How to use java code to open Windows file explorer and highlight the specified file?
Solution 1:
Use: Runtime.getRuntime().exec("explorer.exe /select," + path);
This also works if there is a space in the PATH
.
Solution 2:
EDIT:
As of java 9 there is now a method in the Desktop API to select the file
desktop.browseFileDirectory(<file>)
EDIT:
You cannot highlight a specific file with the java Desktop API.
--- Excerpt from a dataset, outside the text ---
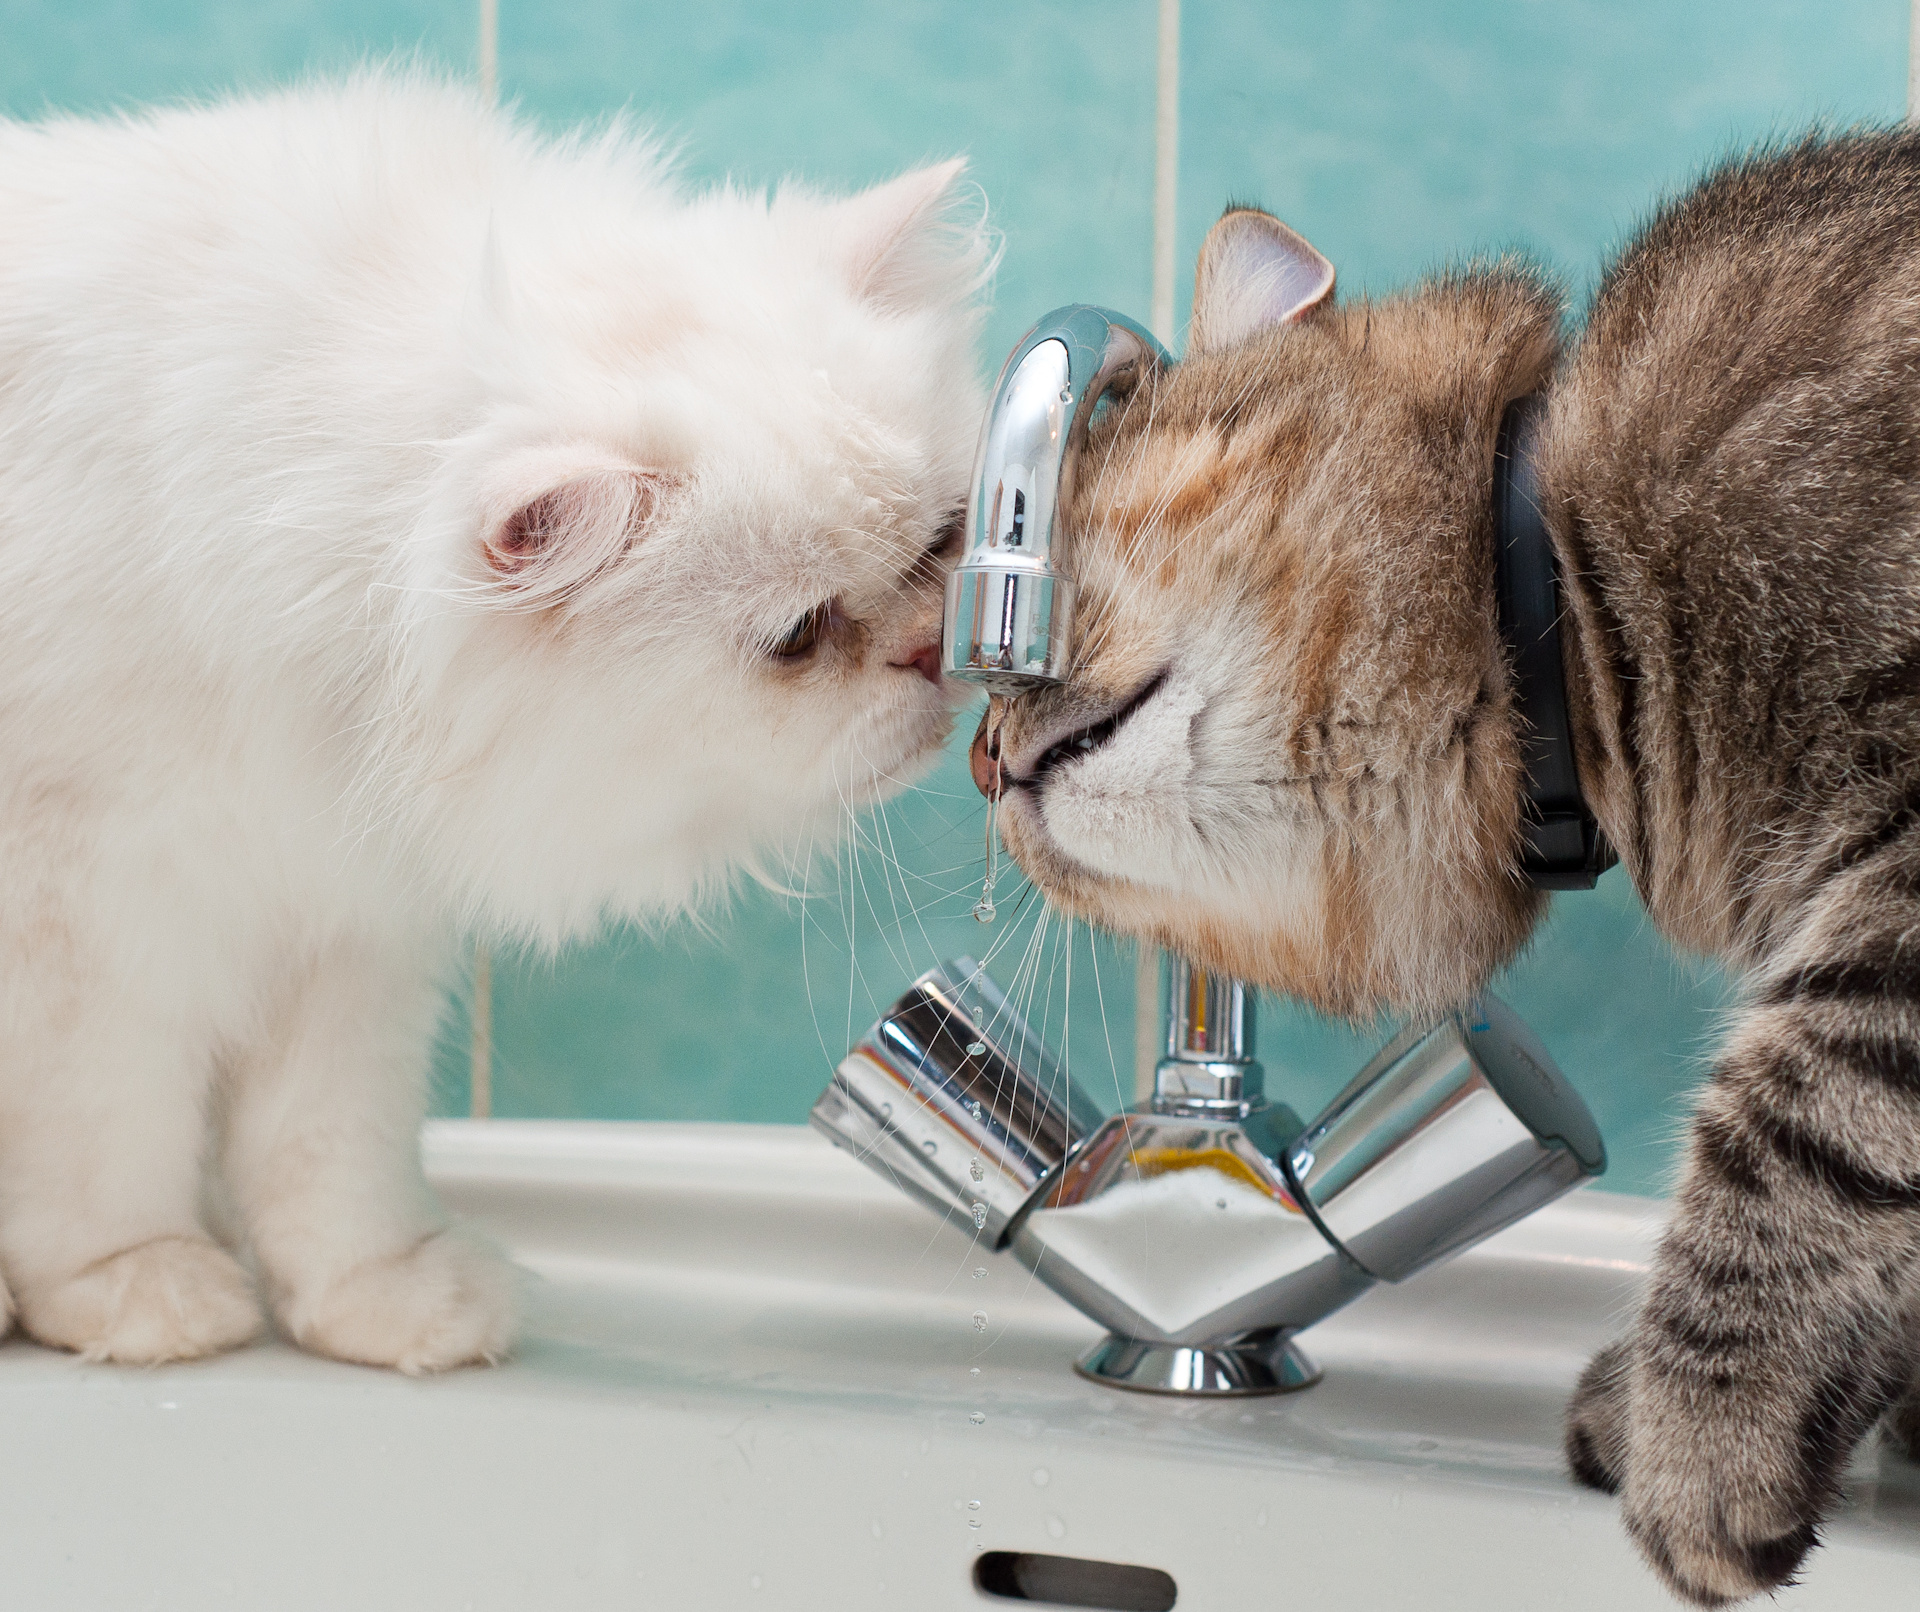 Fotos von Hauskatze flauschiger Wasserhahn Schnurrhaare Vibrisse ein Tier 1920x1612 Katze Katzen Flaumig Flauschige Tiere

ANSWER TO ORIGINAL QUESTION:
The Desktop API will allow you to do this by using this snippet,
File file = new File ("c:\<directory>");
Desktop desktop = Desktop.getDesktop();
desktop.open(file);
The documentation for the code used above is at these links, http://docs.oracle.com/javase/10/docs/api/java/awt/Desktop.html and http://docs.oracle.com/javase/10/docs/api/java/io/File.html
On a Windows computer this will open the default file explorer and on other systems it will open their default explorers respectively.
Alternatively you could use the new java Path API to build the required path and then invoke the method that returns the corresponding File object.
For brevity I excluded the checking code to make sure the Desktop and File objects exist.
Solution 3:
The Desktop API does not support this. You are going to have to use ProcessBuilder
(or alternatively Runtime.exec()
) to execute explorer.exe explicitly with the options you want. This will only work on windows though, if you want to run this on another OS you will have to use the Desktop API anyway.
Process p = new ProcessBuilder("explorer.exe", "/select,C:\\directory\\selectedFile").start();